Create a fingerprint database file
To create a fingerprint database file for running searches, use either:
- The
fpsim2-create-db
command line tool - The
FPSim2.io.create_db_file
Python function
Both methods are described below.
Warning
FPSim2 only supports integer molecule ids.

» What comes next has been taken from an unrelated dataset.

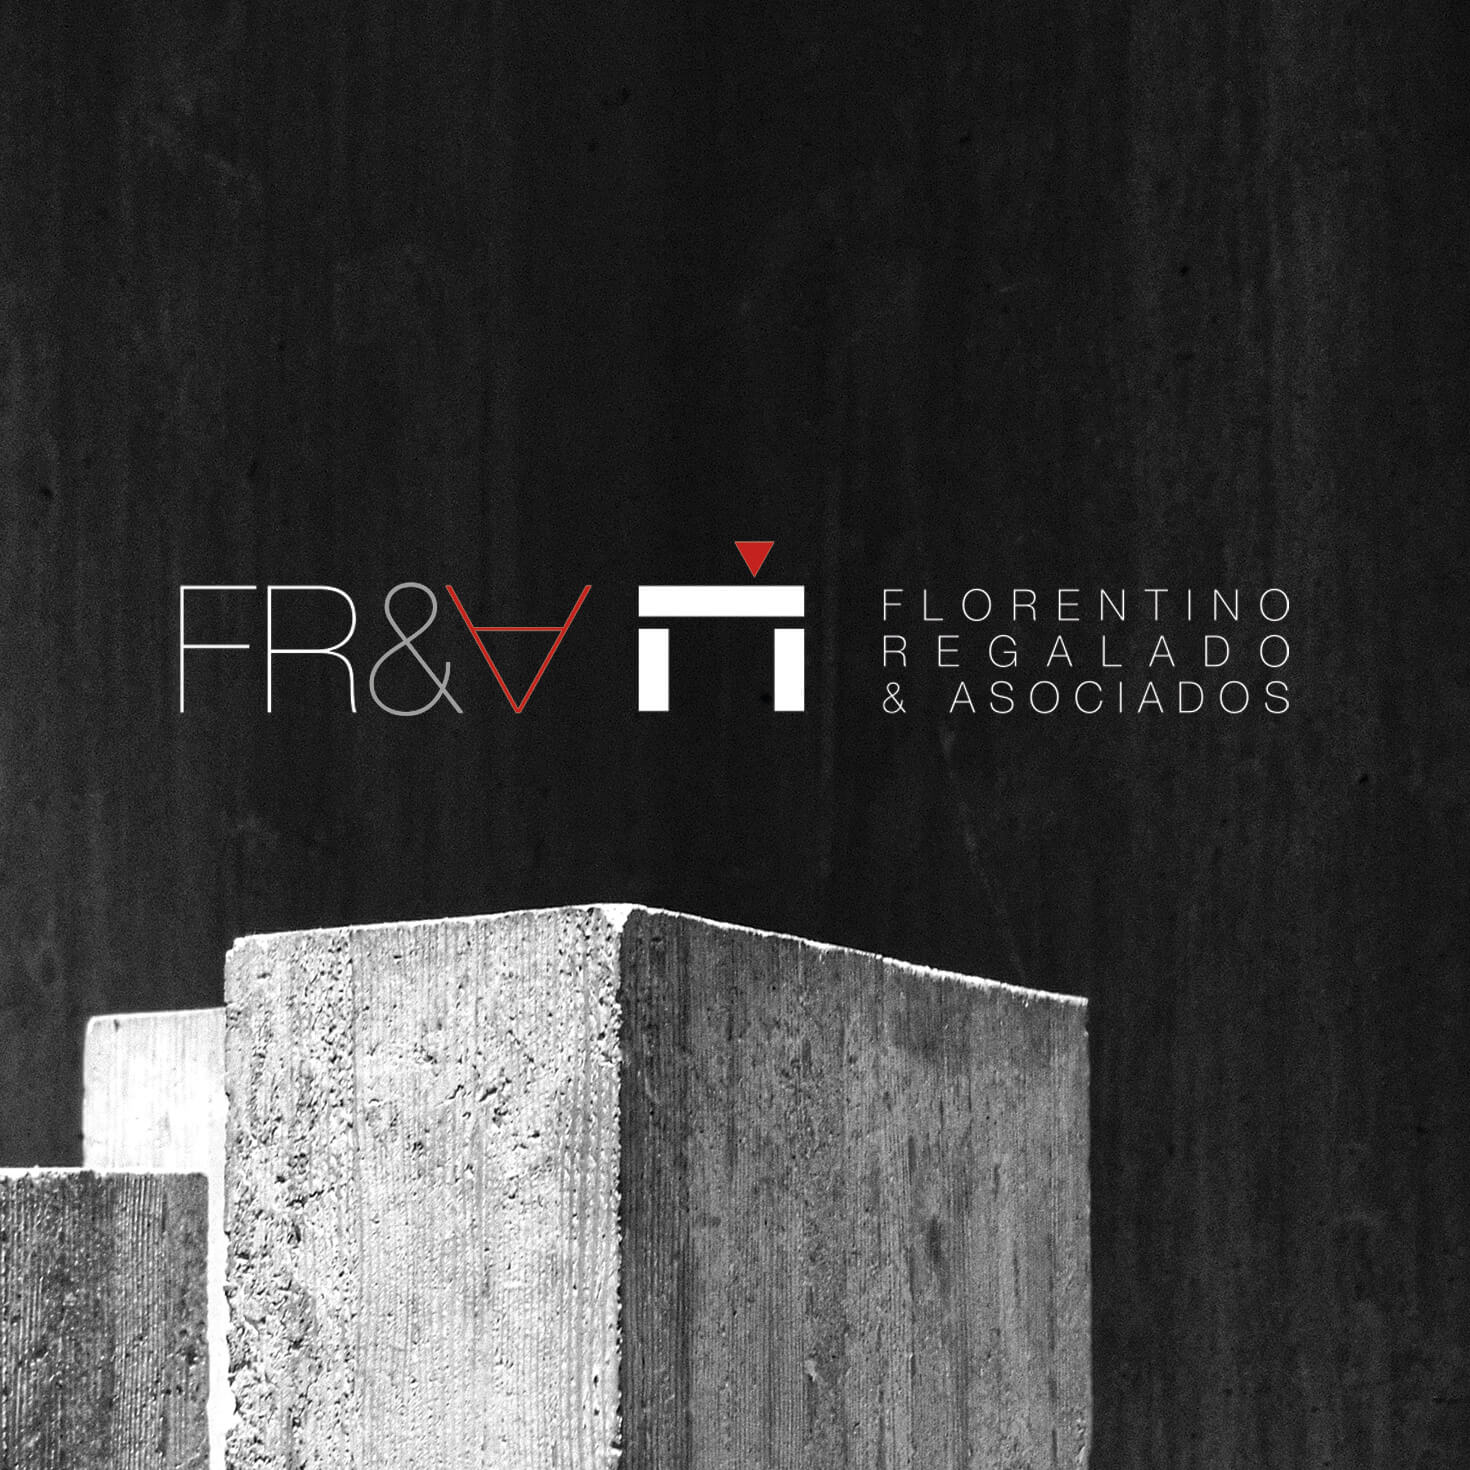 Florentino Regalado branding | Designed by MutuoEstudio

The fingerprints are calculated with RDKit. Fingerprint types available are:
Using the command line
Run in parallel using .smi files as input. Example usage:
fpsim2-create-db smiles_file.smi fp_db.h5 --fp_type Morgan --fp_params '{"radius": 2, "fpSize": 256}' --processes 32
Using Python
Note: When using the Python library, fingerprint calculation is single-threaded.
from FPSim2.io import create_db_file
create_db_file(
mols_source='sdf_file.sdf',
filename='fp_db.h5',
mol_format=None, # set to None
fp_type='Morgan',
fp_params={'radius': 2, 'fpSize': 256},
mol_id_prop='mol_id'
)
from FPSim2.io import create_db_file
create_db_file(
mols_source='smiles_file.smi',
filename='fp_db.h5',
mol_format=None, # set to None
fp_type='Morgan',
fp_params={'radius': 2, 'fpSize': 256}
)
from FPSim2.io import create_db_file
mols = [['CC', 1], ['CCC', 2], ['CCCC', 3]]
create_db_file(
mols_source=mols,
filename='fp_db.h5',
mol_format='smiles', # required
fp_type='Morgan',
fp_params={'radius': 2, 'fpSize': 256}
)
SQLAlchemy CursorResult as an example
from FPSim2.io import create_db_file
from sqlalchemy import create_engine, text
engine = create_engine('sqlite:///test/test.db')
with engine.connect() as conn:
sql_query = text("select molfile, mol_id from structure")
cursor = conn.execute(sql_query)
create_db_file(
mols_source=cursor,
filename='fp_db.h5',
mol_format='molfile', # required
fp_type='Morgan',
fp_params={'radius': 2, 'fpSize': 256}
)